• _Activity_: Check every line of the material below for the string "Coffee", and return the ones that have it.

• _Information supplied_:
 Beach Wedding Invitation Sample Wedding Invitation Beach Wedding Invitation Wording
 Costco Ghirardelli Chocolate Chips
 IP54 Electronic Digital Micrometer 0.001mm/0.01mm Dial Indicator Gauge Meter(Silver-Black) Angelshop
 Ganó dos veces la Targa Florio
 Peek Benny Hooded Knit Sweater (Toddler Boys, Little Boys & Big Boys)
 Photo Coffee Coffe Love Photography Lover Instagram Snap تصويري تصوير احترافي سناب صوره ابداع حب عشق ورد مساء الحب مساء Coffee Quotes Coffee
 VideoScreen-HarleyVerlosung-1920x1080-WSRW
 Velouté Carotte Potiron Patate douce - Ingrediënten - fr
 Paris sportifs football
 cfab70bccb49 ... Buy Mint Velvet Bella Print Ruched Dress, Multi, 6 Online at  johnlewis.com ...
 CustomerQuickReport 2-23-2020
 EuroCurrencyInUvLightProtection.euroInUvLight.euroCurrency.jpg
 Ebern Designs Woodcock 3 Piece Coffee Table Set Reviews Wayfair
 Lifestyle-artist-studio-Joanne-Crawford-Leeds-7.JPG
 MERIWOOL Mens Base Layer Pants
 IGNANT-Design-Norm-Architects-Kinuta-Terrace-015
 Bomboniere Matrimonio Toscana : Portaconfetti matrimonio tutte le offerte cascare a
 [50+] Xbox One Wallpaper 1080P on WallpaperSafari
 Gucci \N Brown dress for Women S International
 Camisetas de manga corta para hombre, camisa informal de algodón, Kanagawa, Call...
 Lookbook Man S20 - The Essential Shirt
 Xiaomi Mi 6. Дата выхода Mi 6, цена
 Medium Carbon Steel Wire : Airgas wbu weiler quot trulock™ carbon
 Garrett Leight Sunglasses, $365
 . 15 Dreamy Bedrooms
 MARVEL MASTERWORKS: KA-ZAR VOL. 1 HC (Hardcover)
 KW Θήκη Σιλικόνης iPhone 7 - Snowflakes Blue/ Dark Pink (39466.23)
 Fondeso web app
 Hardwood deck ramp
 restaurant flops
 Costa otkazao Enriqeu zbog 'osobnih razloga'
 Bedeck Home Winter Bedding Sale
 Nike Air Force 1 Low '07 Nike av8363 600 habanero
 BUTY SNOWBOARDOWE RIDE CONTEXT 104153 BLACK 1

• _Final answer_:
 Photo Coffee Coffe Love Photography Lover Instagram Snap تصويري تصوير احترافي سناب صوره ابداع حب عشق ورد مساء الحب مساء Coffee Quotes Coffee
 Ebern Designs Woodcock 3 Piece Coffee Table Set Reviews Wayfair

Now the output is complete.